University Challenge is not sexist and is dominated by men because they simply like quizzes more, Jeremy Paxman has suggested.
Paxman, the host of the BBC Two quiz, said the fact that more men that women took part in the show "must be a question of taste".
Saying students themselves choose team members to represent their university, he added: " I suspect that — like football or darts — more males than females care about quizzing."
Paxman has previously raised the gender imbalance on the show himself, wondering on air during the 2015 semi-final: "Why on earth are there no women left in this stage of the competition?”
This series of the quiz show saw an all male final, with just one in five female contestants through whole 2017 competition.
Writing in the Financial Times, Paxman said: "As for the testicle issue, since we know that intelligence is not determined by gender, it must be a question of taste.
"The teams are not chosen by the college or university authorities but by the students themselves.
"The students are encouraged to enter teams which broadly reflect their institution.
"A growing number of applicants “prefer not to be gendered”.
The host also tackled the question of whether the show is dumbing down to suit modern viewers.

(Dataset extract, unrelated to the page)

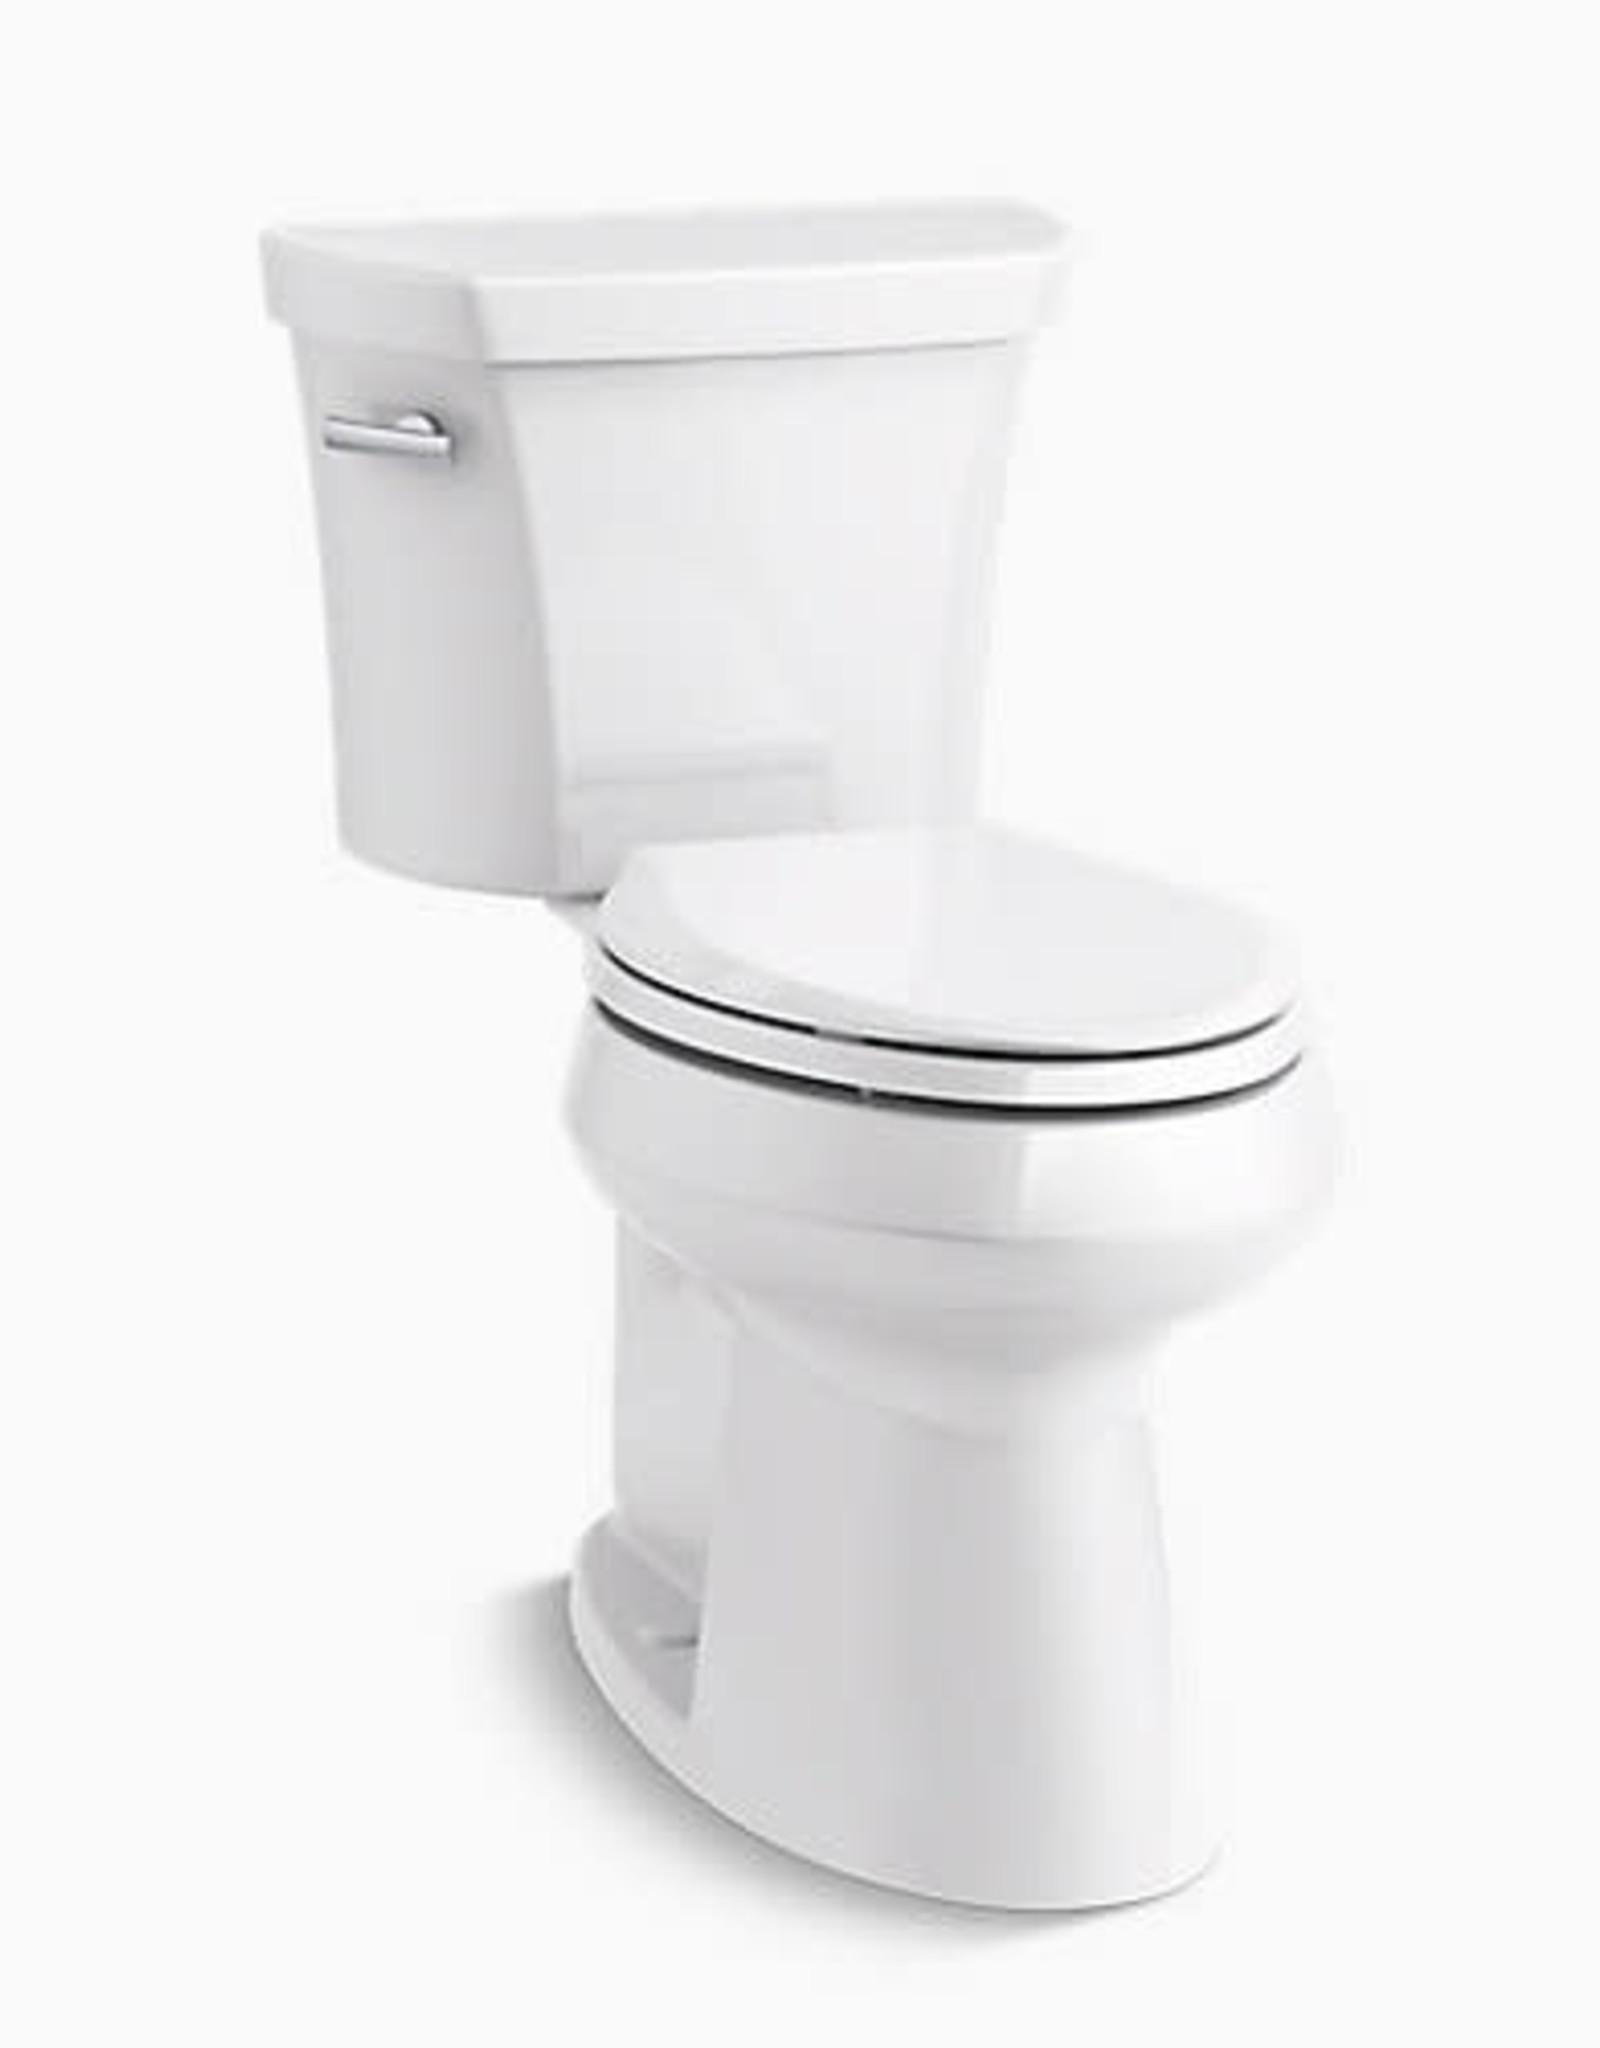 Kohler Kohler Highline Concealed Trap White High Elongated Toilet

The allegation, he said, is "rubbish".
"Television producers are forever dreaming up new formats, often with cash prizes attached, to prove you don’t need to be clever to be a winner.
"Their quizzes are almost always gimmicky, vulgar or stupid.
"The questions on University Challenge, by contrast, have deliberately been made more difficult.
"And the audience has risen. No one can prove cause and effect.
"But it does demonstrate that television is not forced to treat the audience as morons to persuade them to watch."